Lors de mon premier shooting pour Vogue, la maquilleuse n’avait pas de fond de teint pour les filles noires

Iman se retire du mannequinat en 1994, après avoir marqué de son empreinte le milieu de la mode dans les années 80. Mais si le supermodel quitte le feu des projecteurs, c’est pour mieux briller en dans les coulisses de l’industrie. La même année elle lance une ligne de cosmétiques. Le souvenir des podiums n’est pas bien loin alors : “Lors de mon premier shooting pour Vogue, la maquilleuse n’avait pas de fond de teint pour les filles noires – ça a été le déclic pour créer Iman Cosmetics.”, explique-t-elle. Révolutionnaire pour sa large gamme de teintes pour peaux noires et métissées, en 2010, le chiffres d’affaires de Iman Cosmetics s’élève à un montant de 25 millions de dollars.

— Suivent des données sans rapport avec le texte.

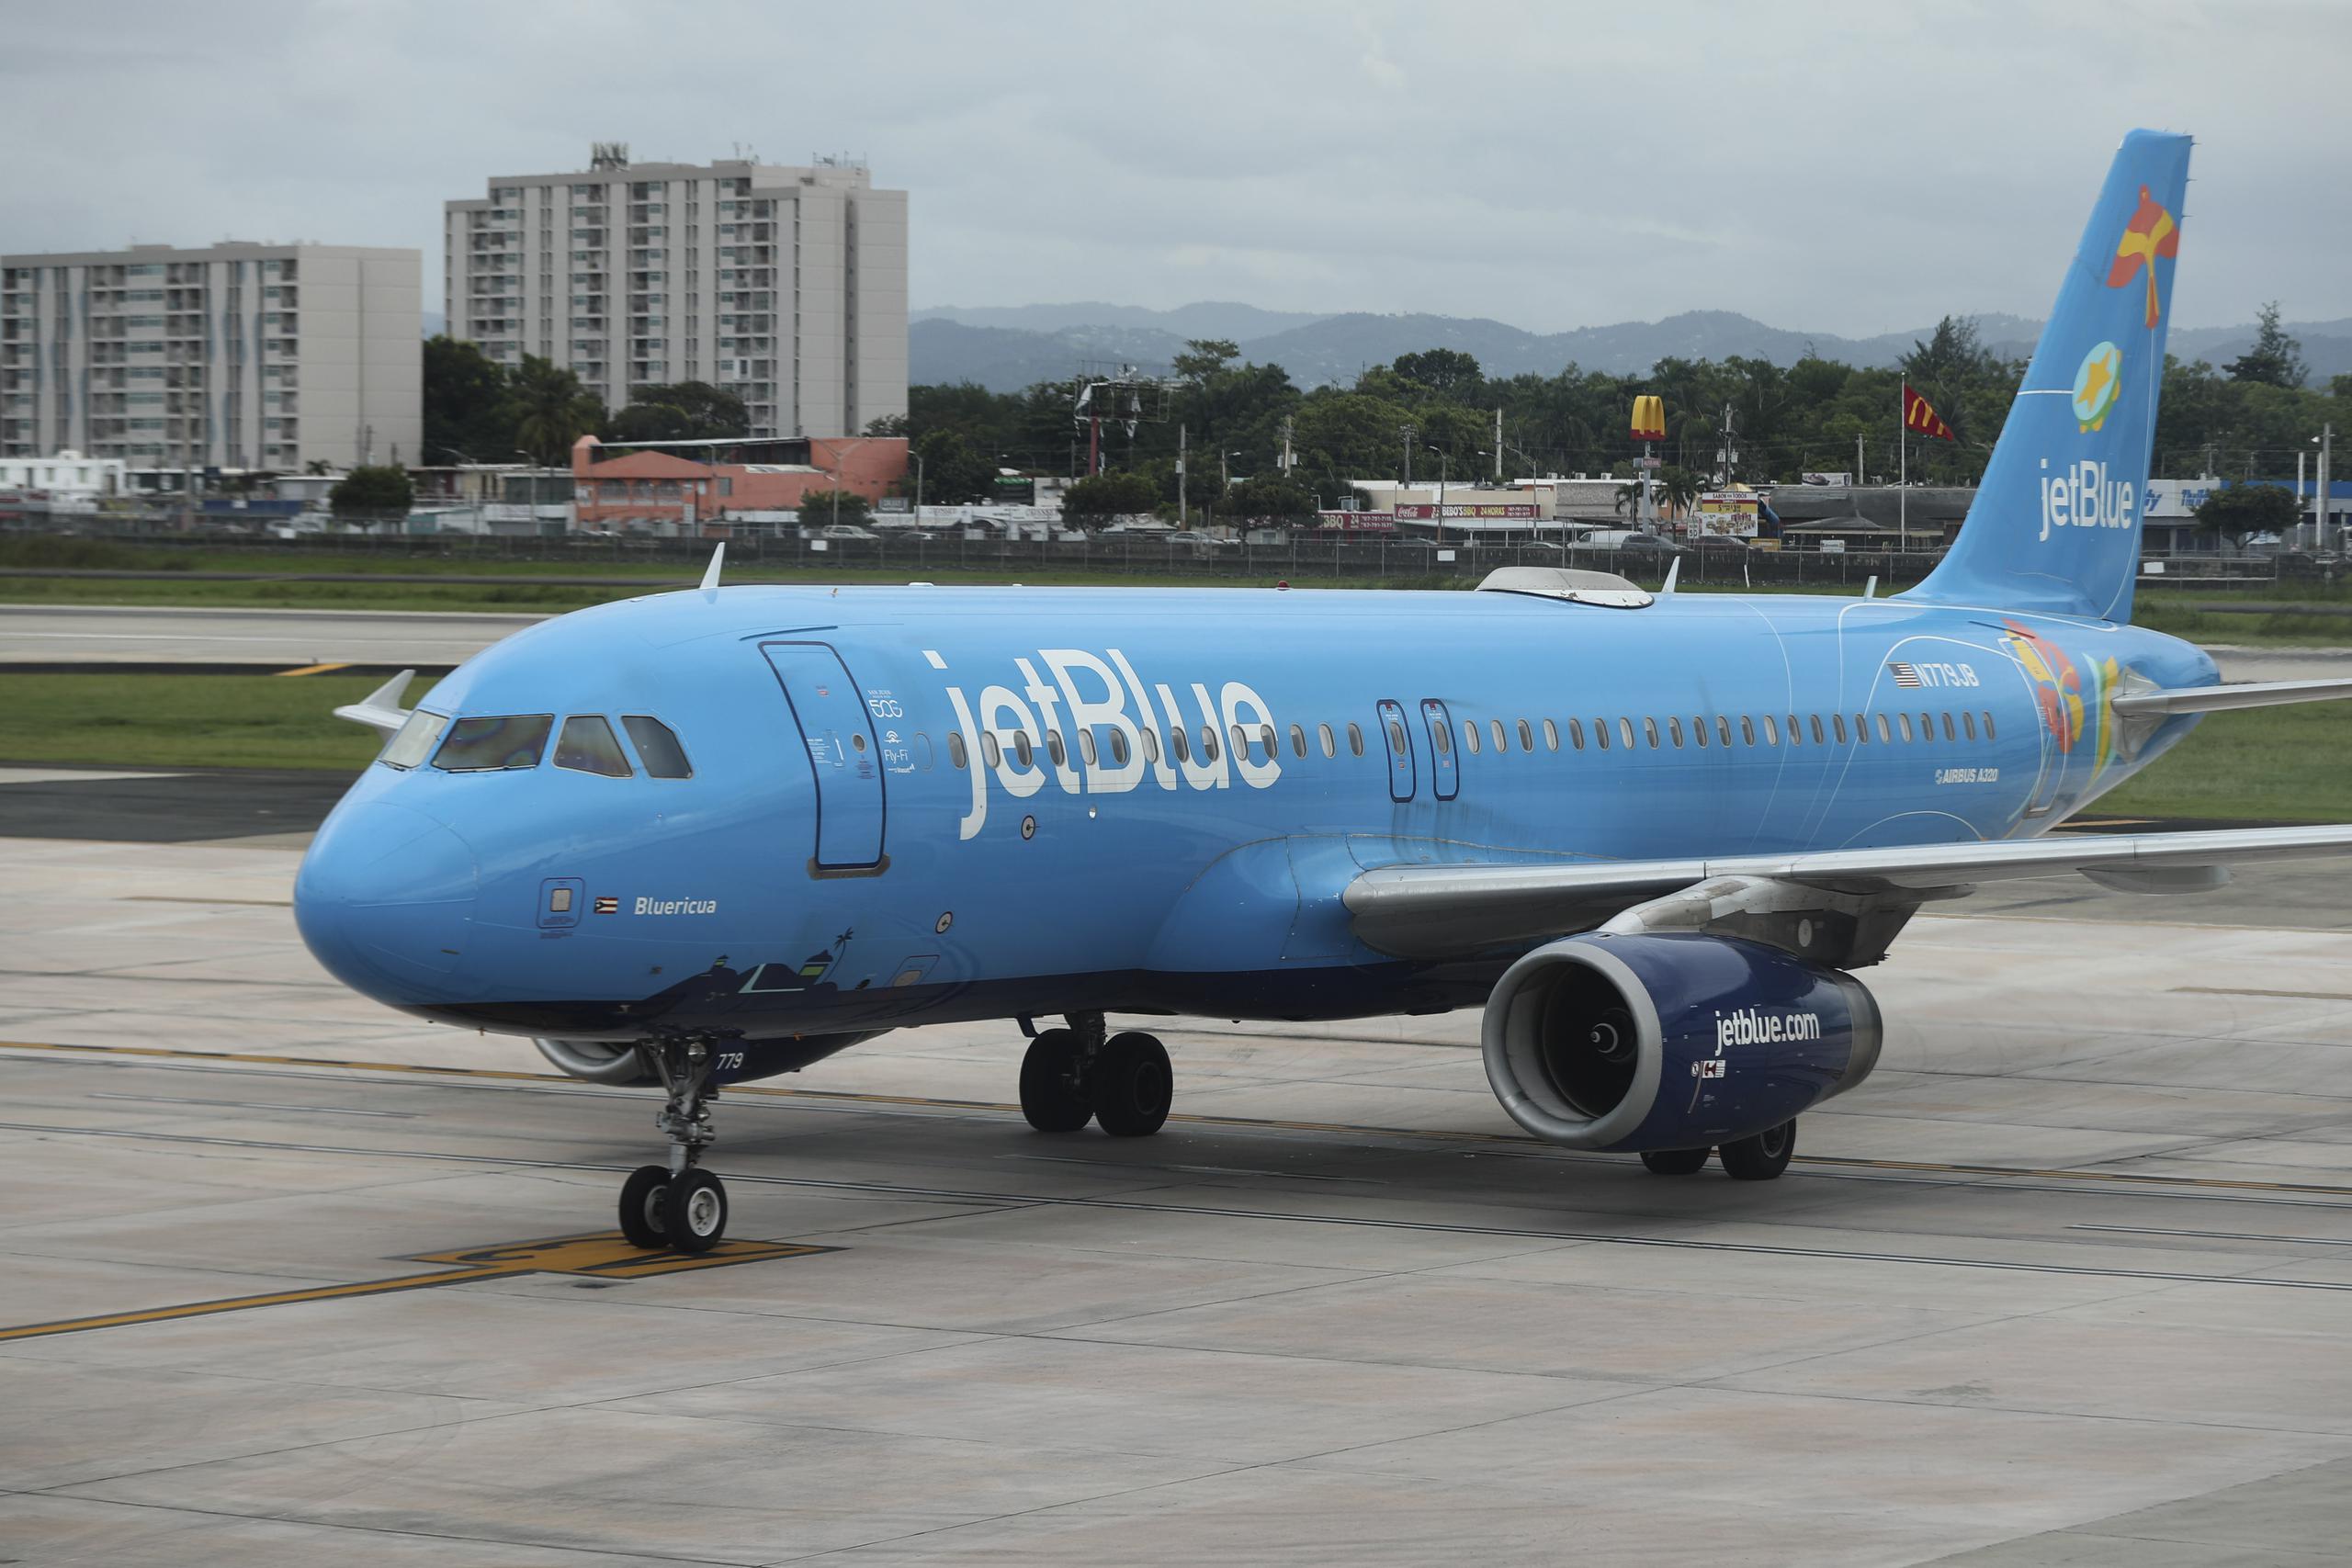 Vista del avión Bluericua de la aerolínea JetBlue en el aeropuerto Luis Muñoz Marín, en Carolina.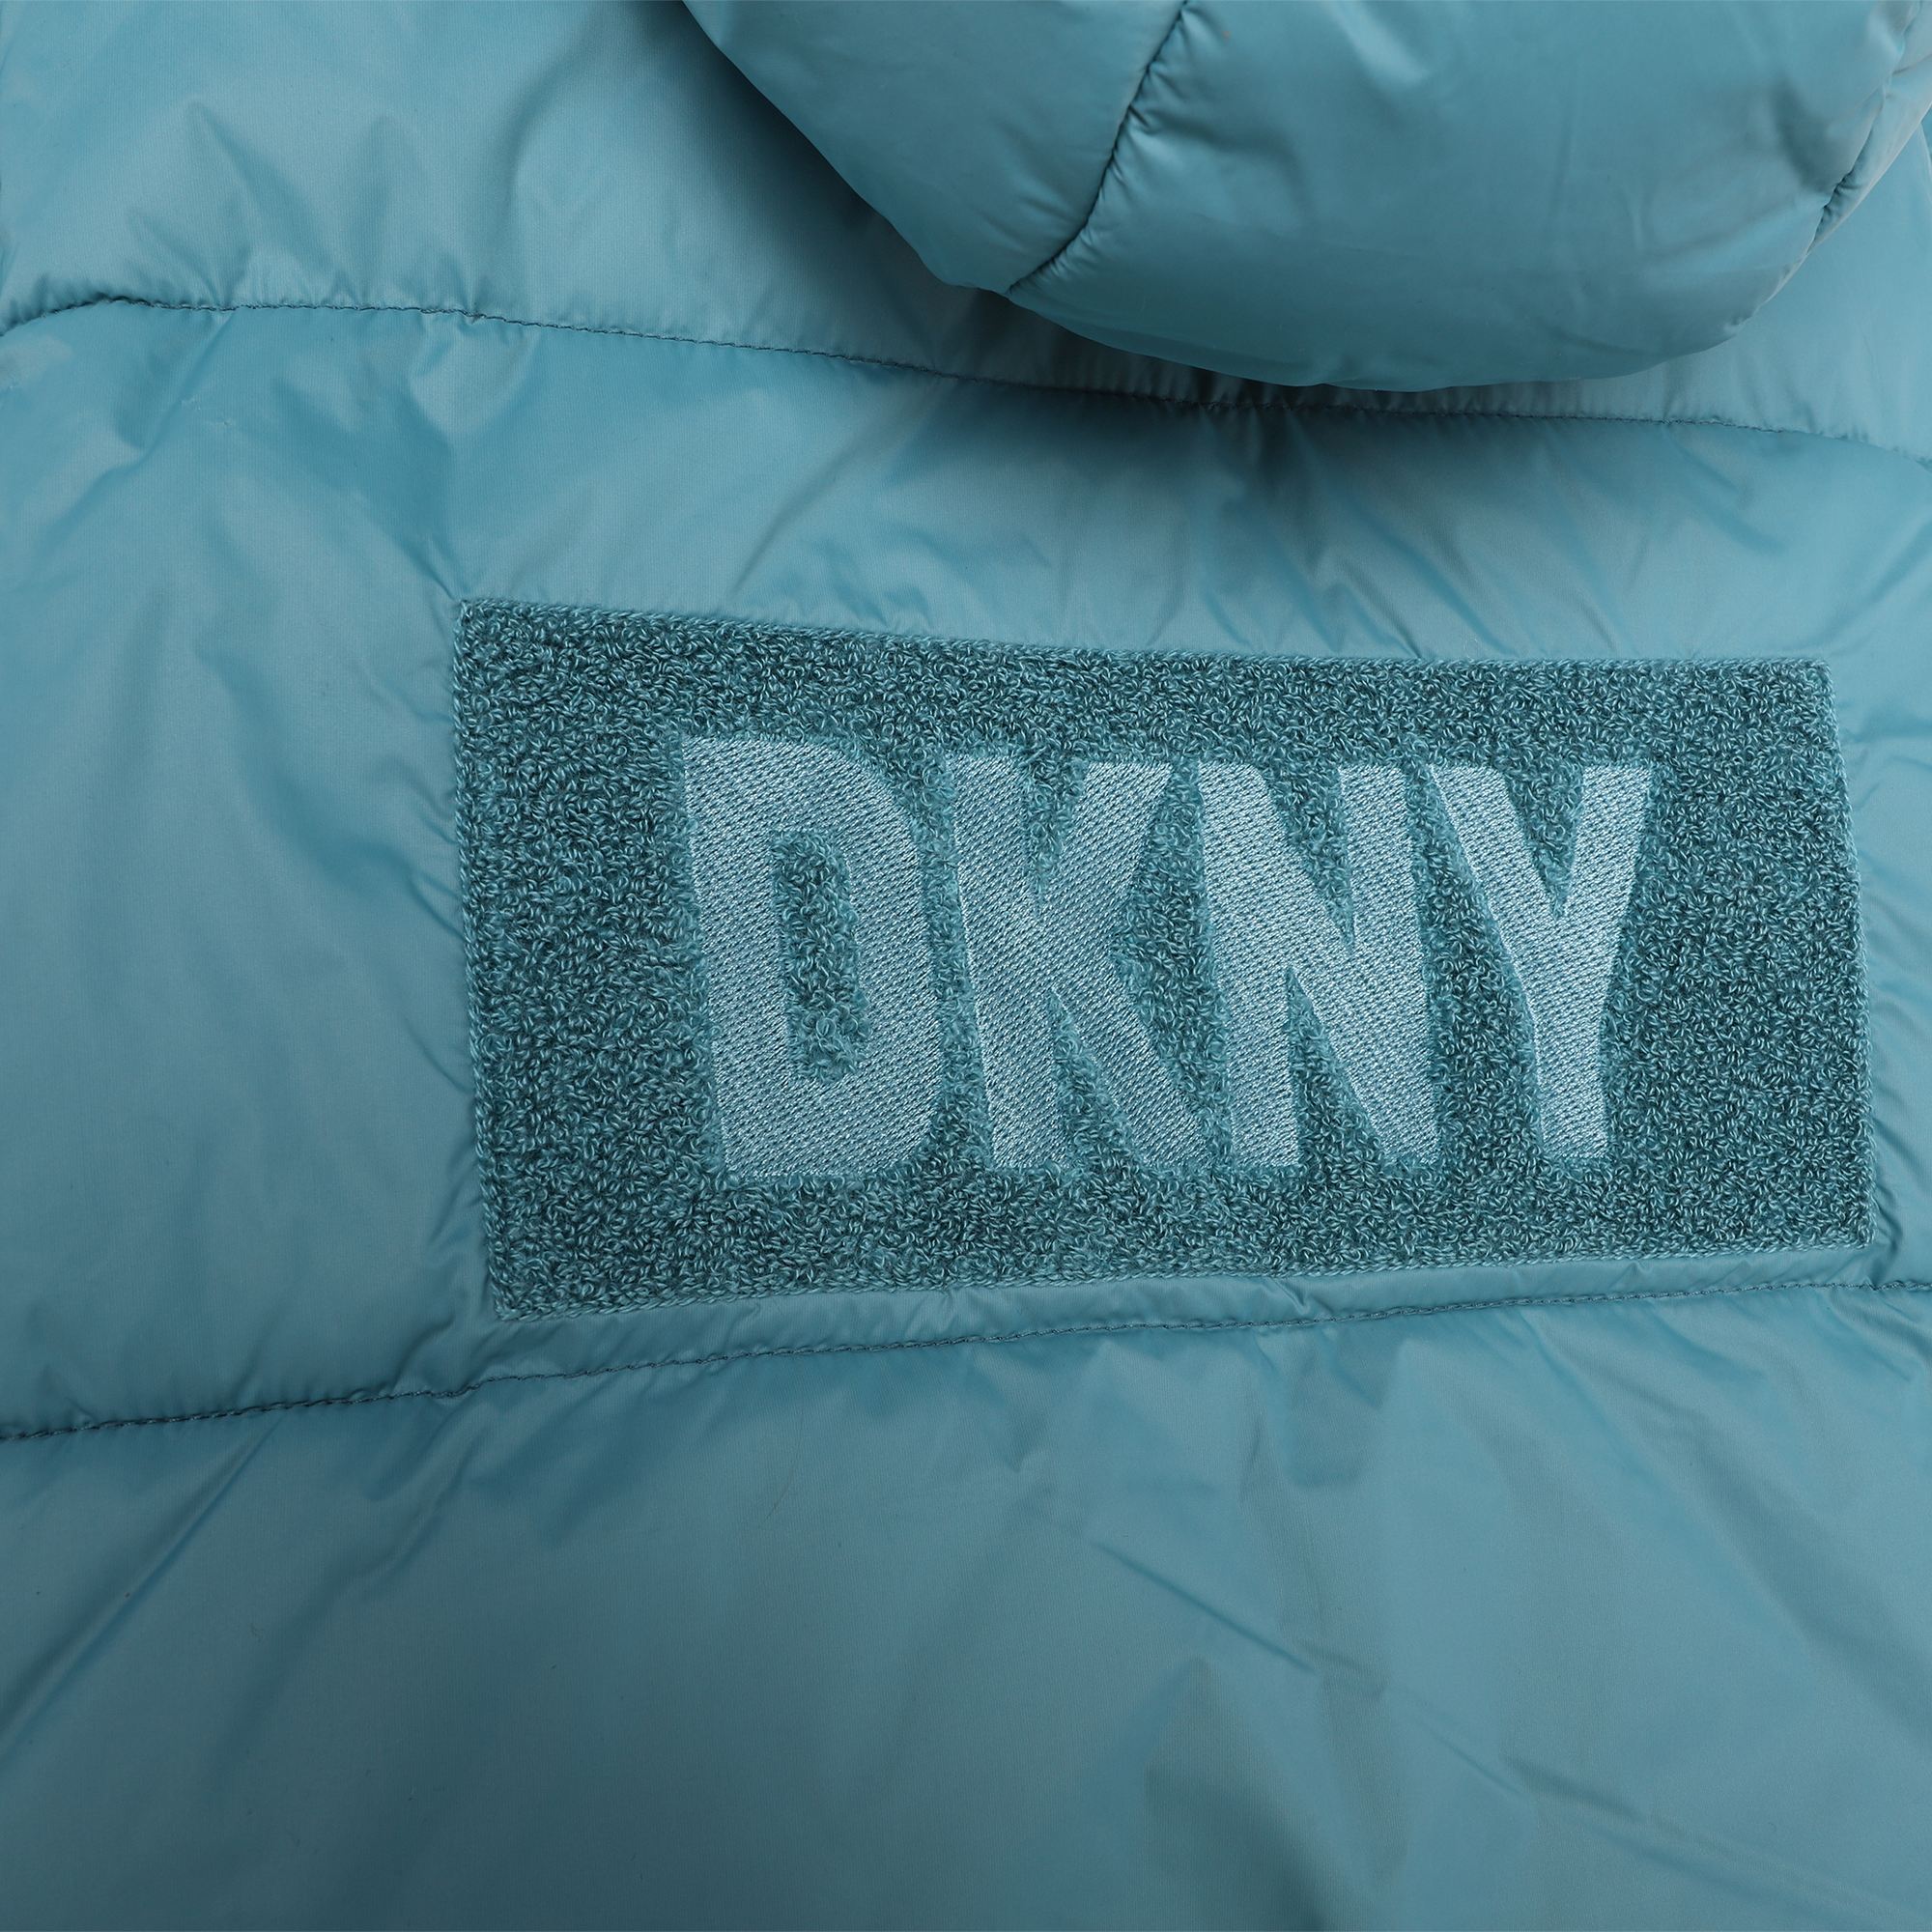 Ärmellose Jacke mit Kapuze DKNY Für UNISEX

Les industries de la mode et de la beauté ont bénéficié de l’impact d’Iman. En 2010, le Conseil des créateurs de mode américains (CFDA) lui décerne le prix d’icône de mode. Ce soir-là, Iman remercie ses parents pour lui avoir légué “un si long cou afin de garder un œil partout dans le monde”. Si bien que tout au long de sa carrière, l’ancien top model a veillé à rendre le monde meilleur par le biais de ses engagements humanitaires auprès d’organisations telles que la Children’s Defense Fund et Action Contre la Faim.

Selon Francesco Carrozzini, fils de l’ex-rédactrice en cheffe du Vogue Italia Franca Sozzani : “le travail d’Iman a bouleversé l’industrie de la mode de façon similaire à celle de Franca : audacieuse, innovante et inclusive.” Ce mardi 27 août, à 64 ans, Iman reçoit le Prix Franca Sozzani qui récompense sa carrière artistique ainsi que sa contribution dans le domaine caritatif.